TASK DESCRIPTION: Below are some records. Retype exactly the lines from the one containing "Bergpol Podcast Mana" through the one containing "Midi skirt with tulle overlay", both included, skipping every picture.

EXTRACTED DATA:

== Segment start ==

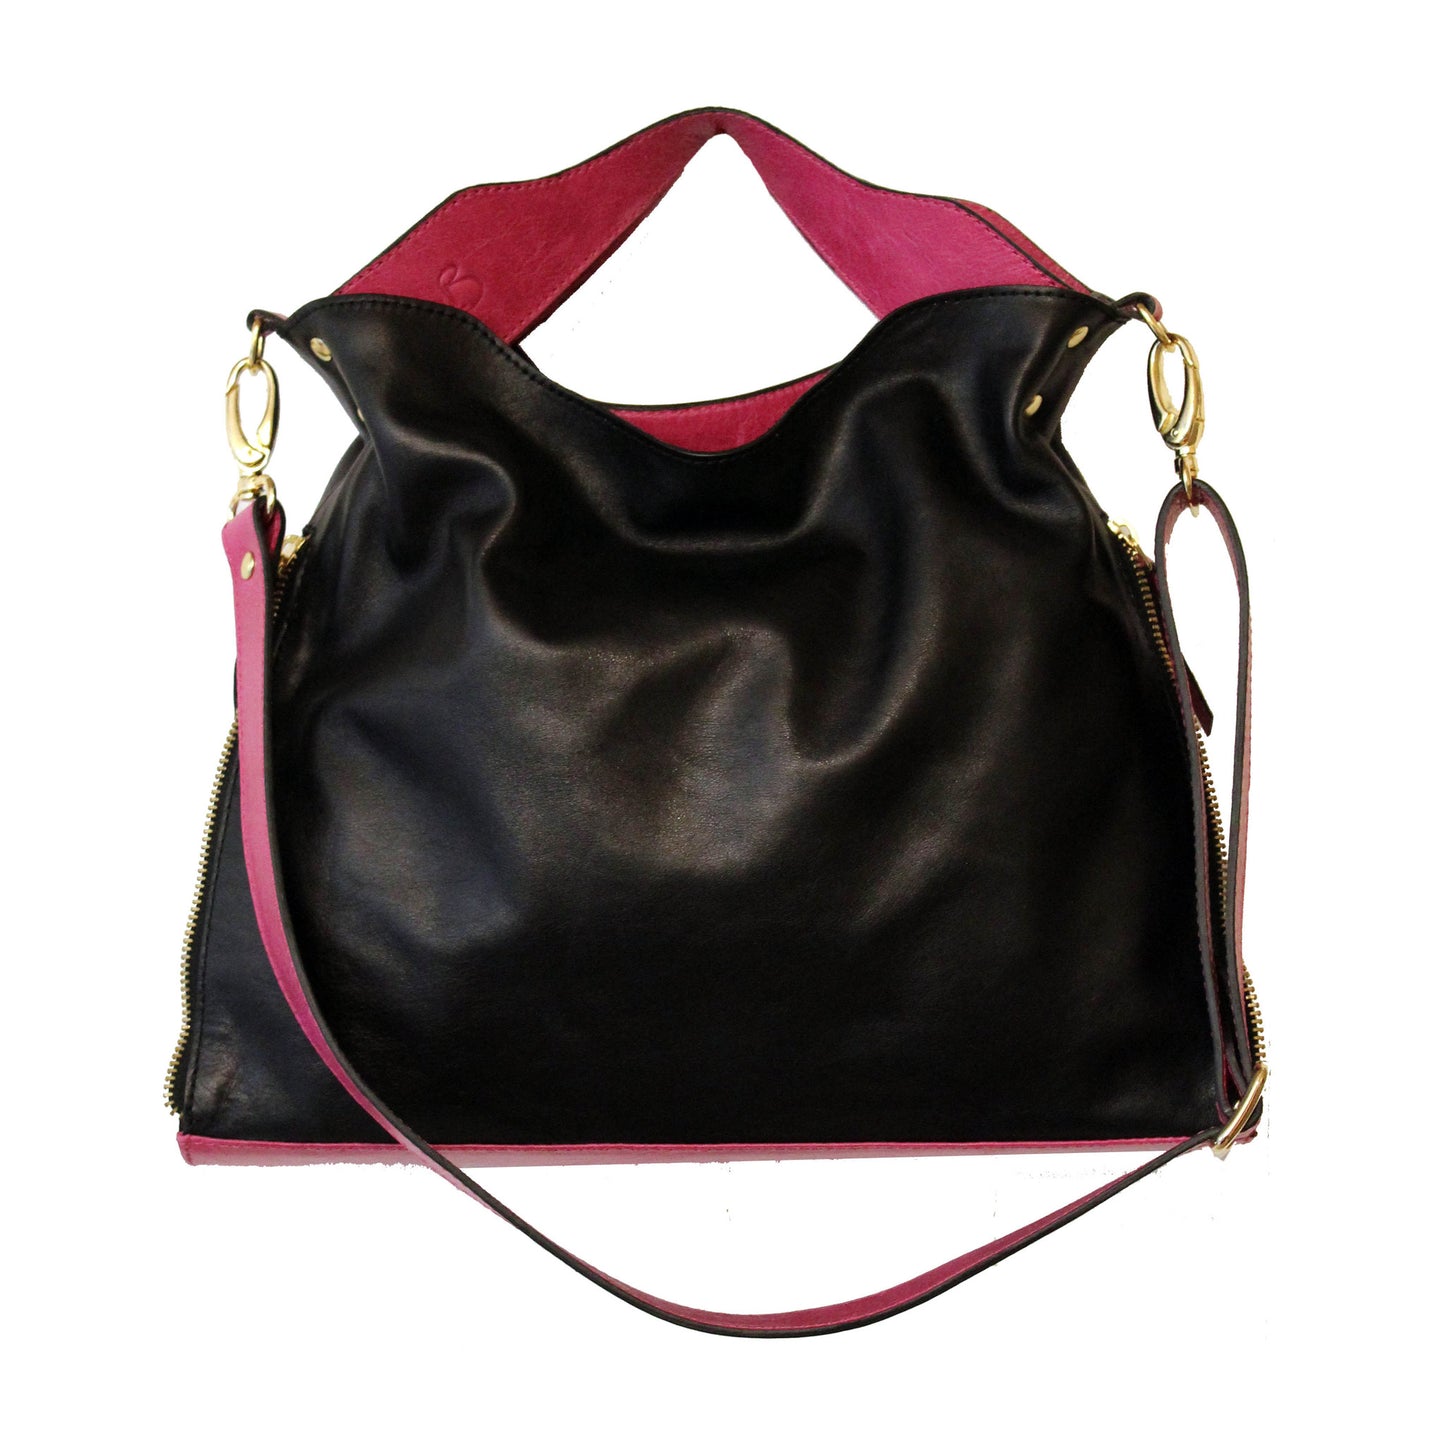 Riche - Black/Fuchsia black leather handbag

== Segment end ==
== Segment start ==

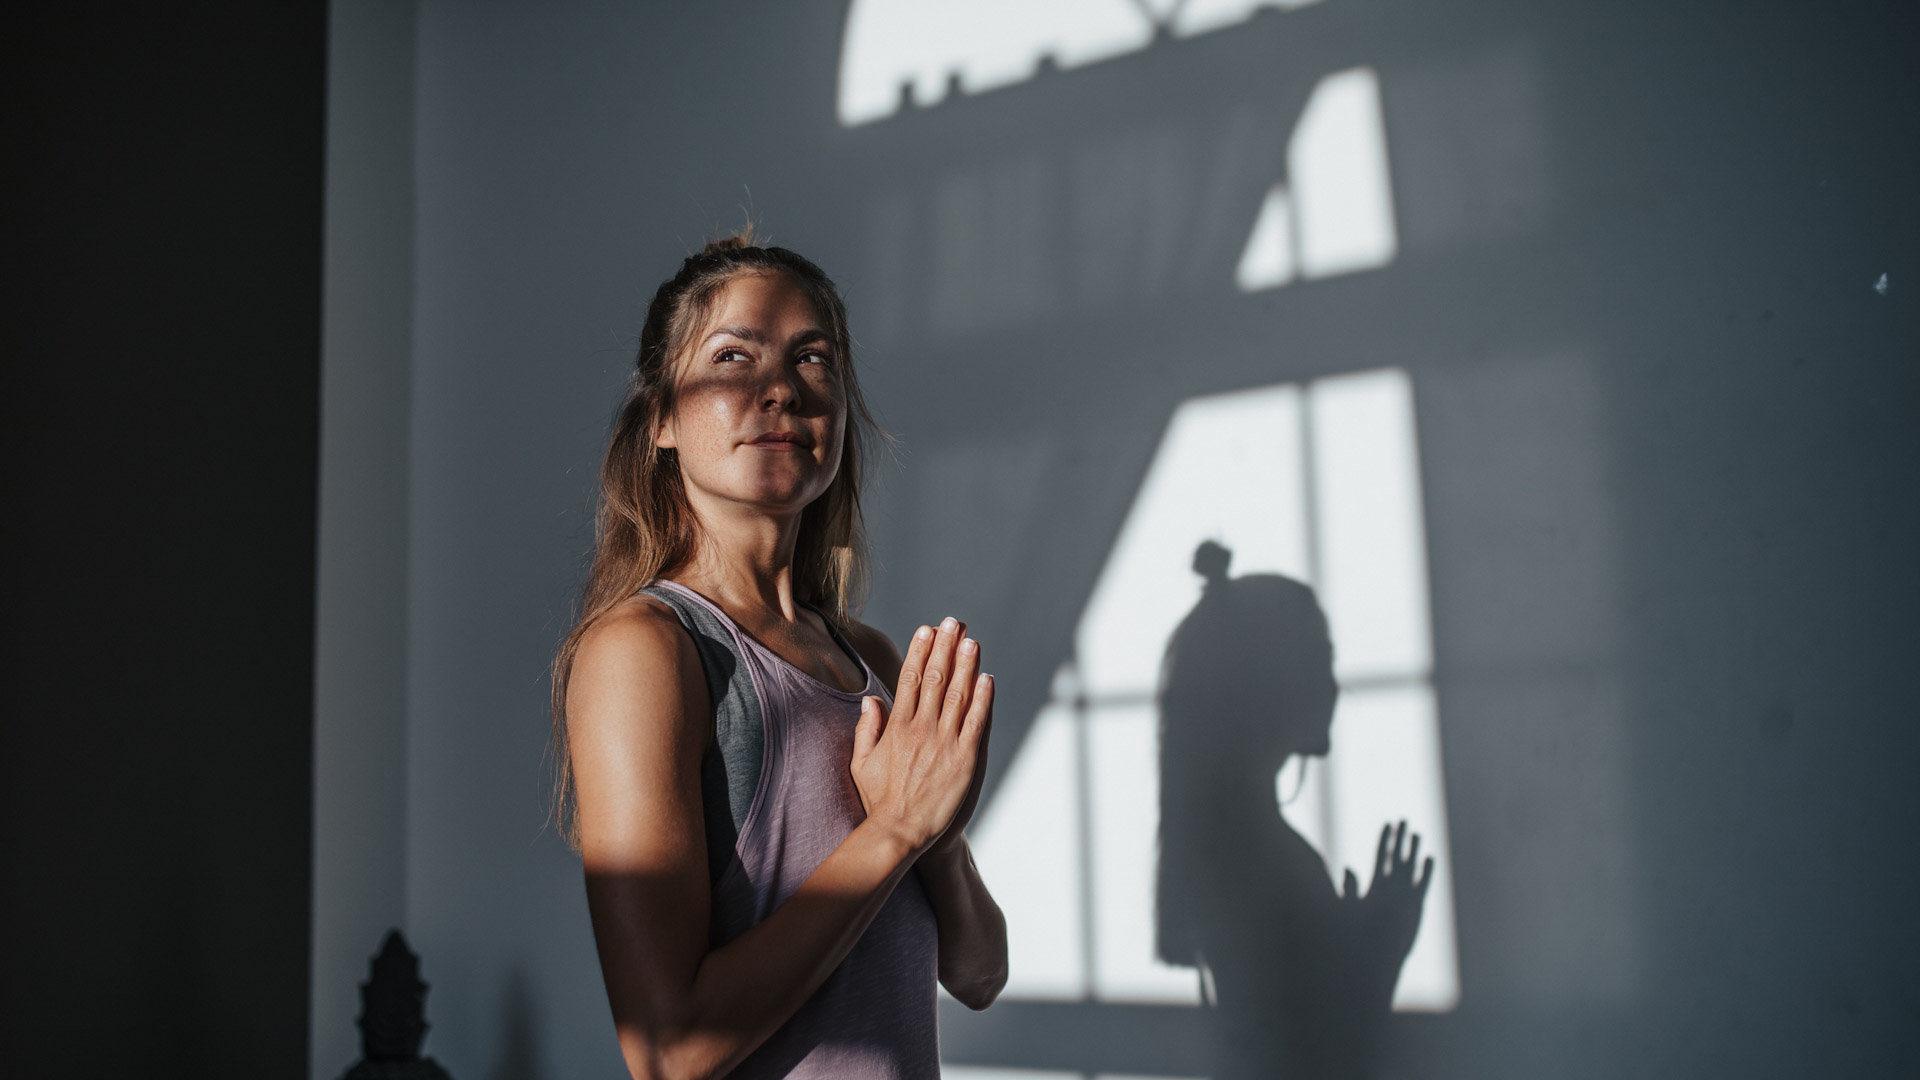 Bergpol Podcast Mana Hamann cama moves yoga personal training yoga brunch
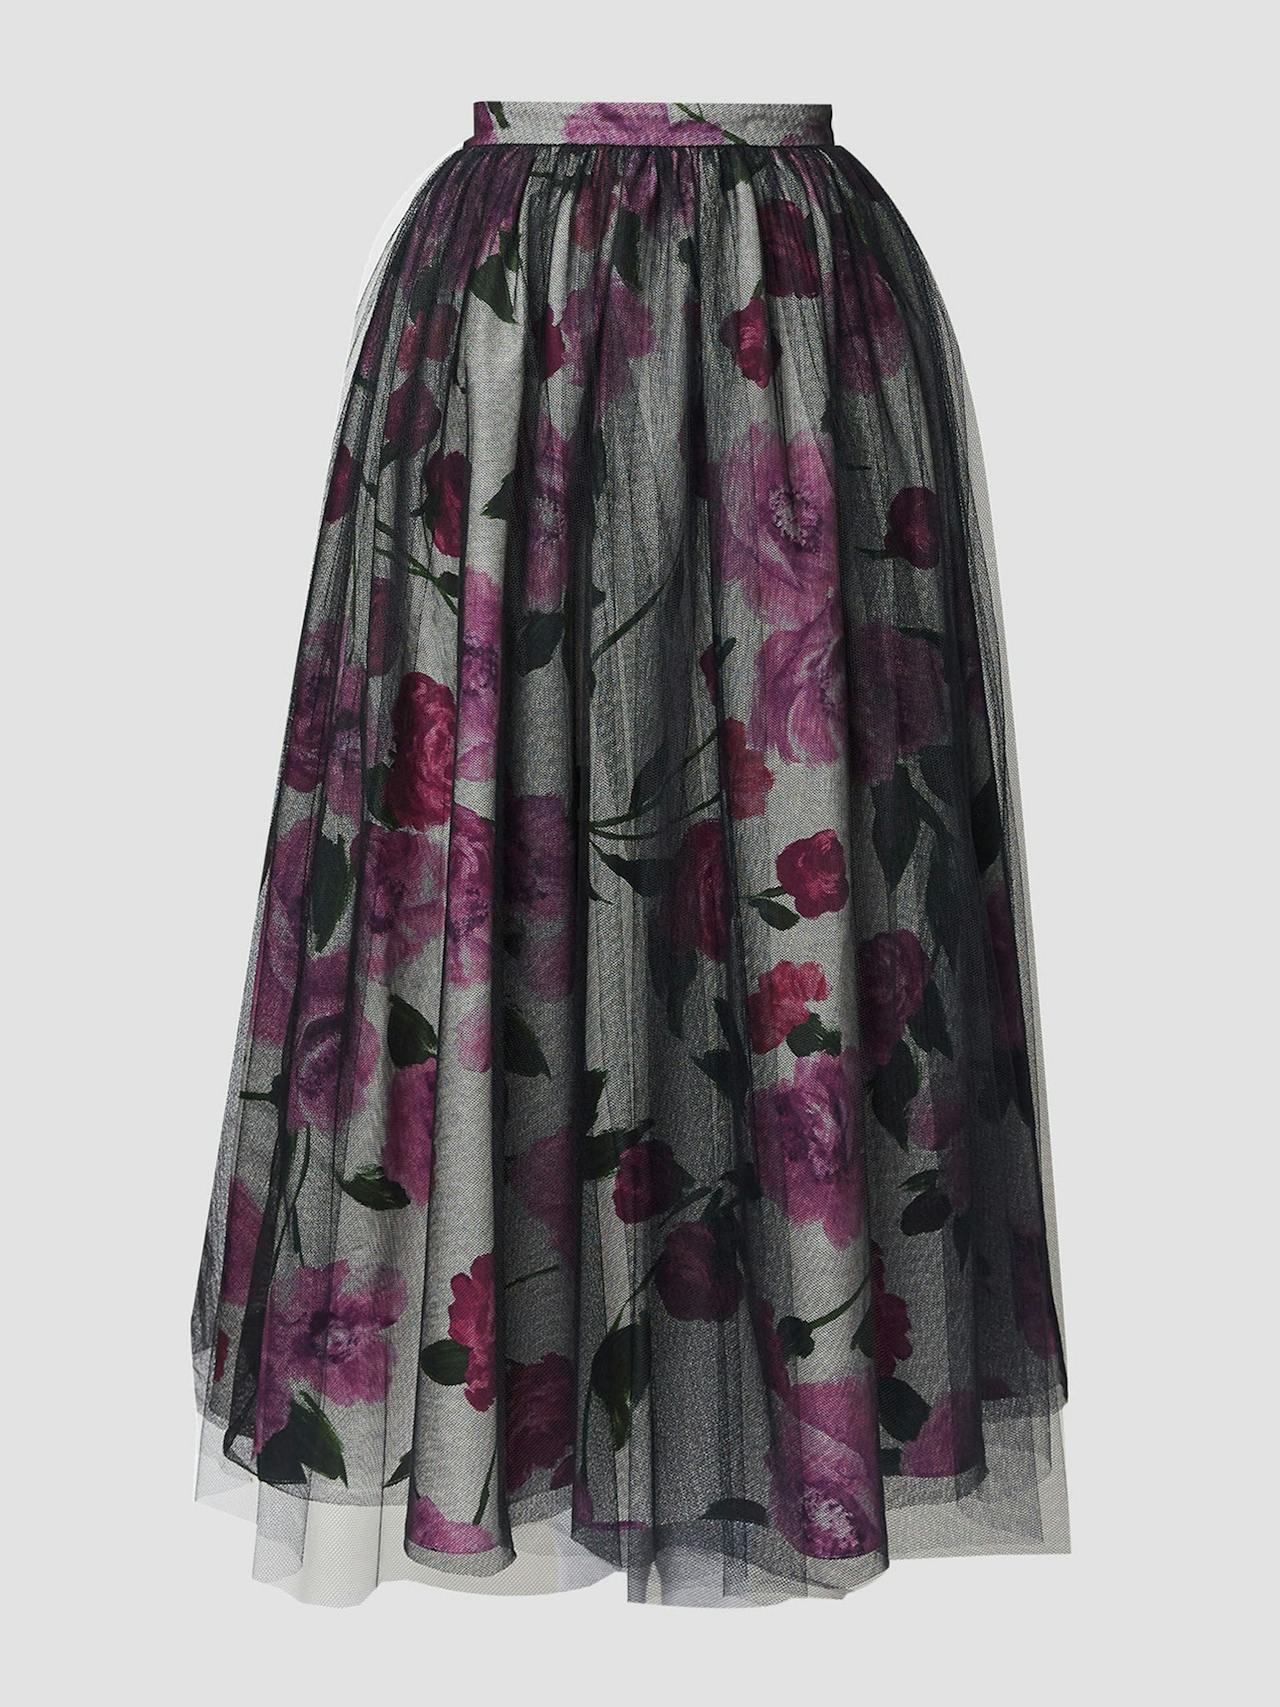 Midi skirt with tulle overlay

== Segment end ==

RESULT OF THIS TASK:
 Bergpol Podcast Mana Hamann cama moves yoga personal training yoga brunch
 Midi skirt with tulle overlay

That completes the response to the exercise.